- Film poster
- Directed by: Sacha Polak
- Written by: Helena van der Meulen
- Produced by: Stienette Bosklopper; Poto Balbontin; Ilse Ronteltap;
- Starring: Hannah Hoekstra; Hans Dagelet; Rifka Lodeizen; Mark Rietman; Eva Duijvestein; Barbara Sarafian;
- Cinematography: Daniël Bouquet
- Production company: Circe films
- Release dates: January 29, 2012 (Rotterdam); March 23, 2012 (United States);
- Running time: 80 minutes
- Country: Netherlands
- Language: Dutch

= Hemel (film) =

2012 film

Hemel is a 2012 Dutch film by director Sacha Polak. The film was Polak's feature film debut and premiered at the 62nd Berlin International Film Festival where it was given the FIPRESCI award for best film in the Forum section.

==Plot==
Hemel (Note: "Hemel" means "Heaven" in Dutch.) (Hannah Hoekstra) is a young Dutch woman, approximately age 25, who frequently has one night stands with strangers. She has a close relationship with her father, Gijs (Hans Dagelet). Joining her father for a dinner party, she witnesses him break up with his girlfriend, Emma, just beforehand—causing an awkward scene at the party.

Hemel talks to her father's girlfriend in the bathroom afterwards by telling her that relationships last as long as they last. The ex-girlfriend accuses Hemel of taking more than she gives.

On a subsequent night, Hemel goes home with a stranger named Jimmy and their sexual encounter turns violent when he strangles and then rapes her. Afterwards, Hemel goes to her ex-stepbrother, Teun's birthday party where she interrogates his Christian girlfriend, Annabella, telling her that it is a waste that she's suppressing her lustful desires and waiting for sex until marriage.

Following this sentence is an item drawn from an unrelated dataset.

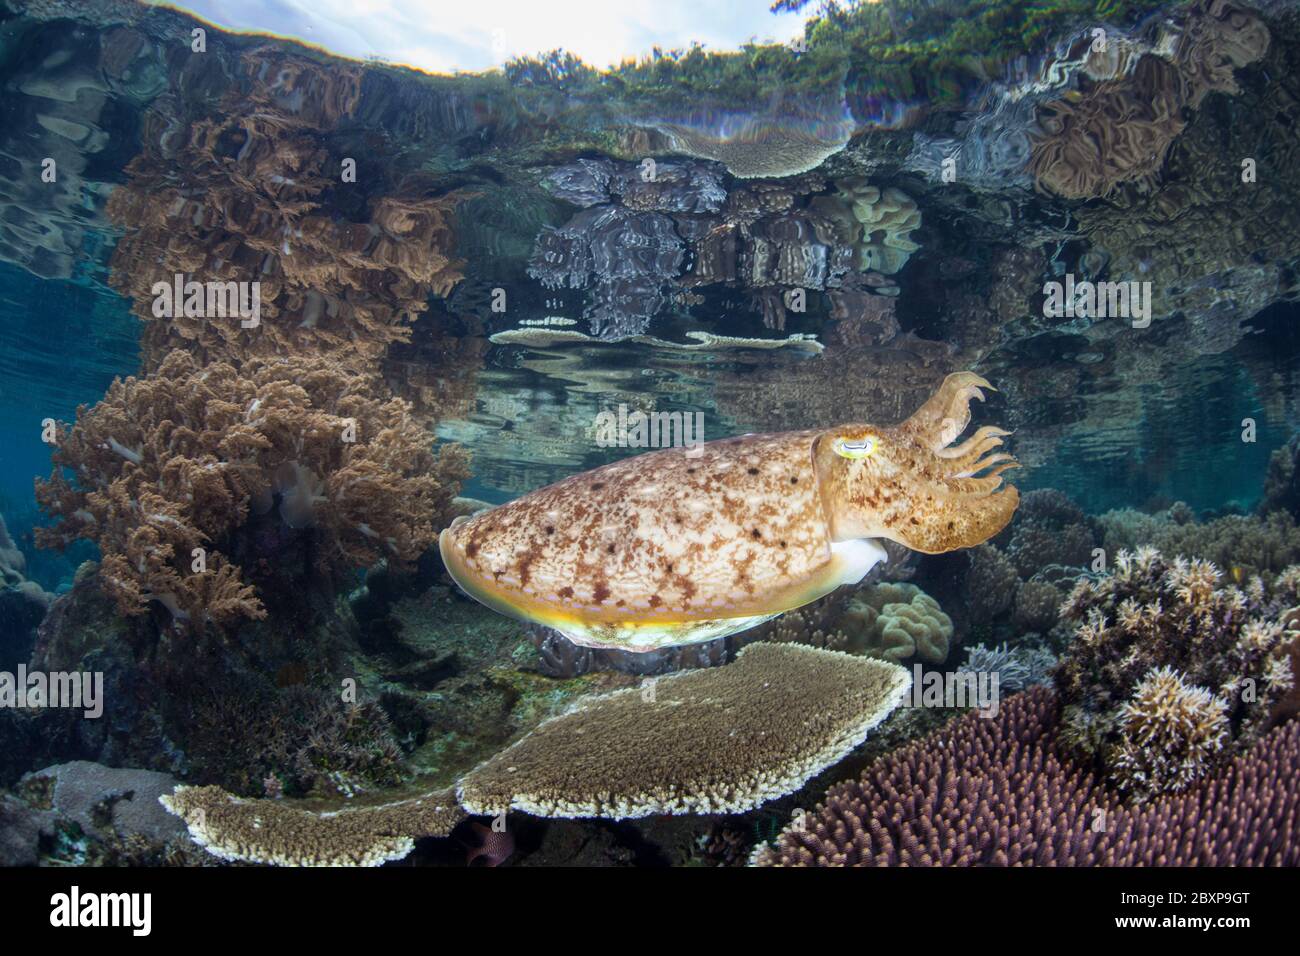 Ein Broadclub-Tintenfisch, Sepia latimanus, schwebt über einem wunderschönen Korallenriff in Raja Ampat. Dieser Teil Indonesiens ist für seine hohe Biodiversität bekannt. Stockfoto
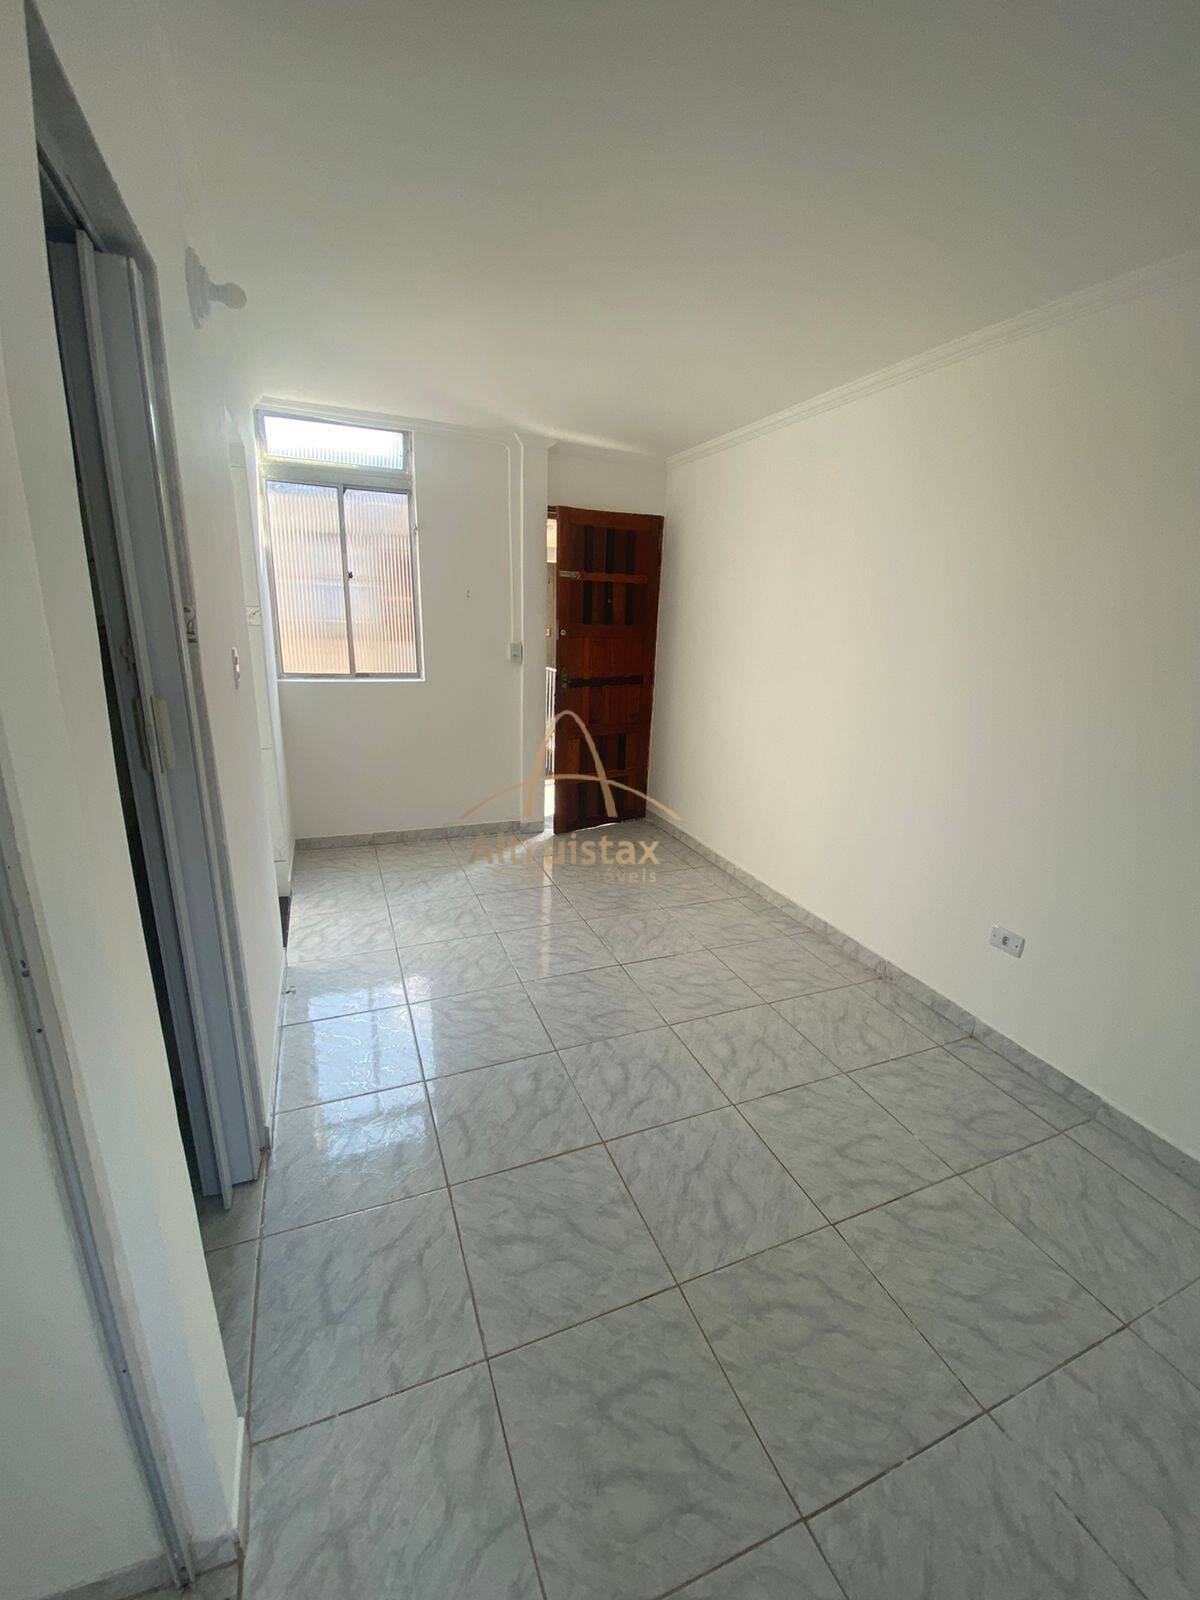 Apartamento, 2 quartos, 38 m² - Foto 3

Meanwhile, at the auction house where he works, Gijs gives his girlfriend Sophie, an auctioneer, a ring that says, "You make me human." He invites her along to meet Hemel on her birthday but beforehand tells her that Hemel was an accident and her mother committed suicide. Hemel is openly hostile towards Sophie and possessive of her father's affection. Hemel is surprised to learn that Sophie knows about many of Gijs's former girlfriends. Hemel and her father attend an opera performance. They hold hands briefly at a particularly moving moment, but then separate. They share a cigarette outside the theater.

Hemel has an affair with a married man named Douwe, the husband of one of her father's colleagues, Brechtje, and is surprised to learn that he has had only a few sexual partners. He tells Hemel that she is the only woman he has ever cheated with because he has never felt that betraying the intimacy with his wife was worth it. Hemel is charmed by him but is upset when he tells her their relationship will never last.

Gijs travels to Sevilla, Spain with Hemel for a holiday. They share a bathroom and are seen to be comfortable naked around each other. Gijs tells Hemel that Sophie will be living in his house and she becomes upset. When she asks her father why he loves Sophie he tells her he has nothing to hide from her. Hemel tells him that her version of love involves knowing the same things as the other person. She later tearfully tells him she saw a man commit suicide by jumping off a building. That night, Hemel is sleeping and Gijs wakes her up, carries her to the toilet to urinate, pulling down her underwear for her. The next morning, she peers over the edge of a building herself before leaving.

Back in the Netherlands, Hemel waits outside Douwe's house in the rain. When she spots him leave she knocks on the door to his home where Brechtje answers and tells her that Douwe isn't home. She then tells Hemel about how for the first three years of her life her father brought her to work every day. When Hemel begins to cry, Brechtje dries her tears and the two women hug.

==Production==
Hannah Hoekstra said she had doubts about accepting the role because of the graphic nude scenes: "Already in the first scene I'm in bed with a man and my pubic hair is shaved off. I really doubted whether I should play this role, whether by doing so I wouldn't be opening the door to a string of nude roles. Guys, we'll ask Hannah Hoekstra, she'll take off her clothes. That I said yes anyway was due to the good script and the fact that both the scriptwriter and the director were women. Hemel is so much about female sexuality, about searching for the limit, about saying no, about intimacy... I would find it almost disgusting for a man to write a script like that."

==Reception==
The film received positive reviews drawing comparisons to Steve McQueen's film Shame.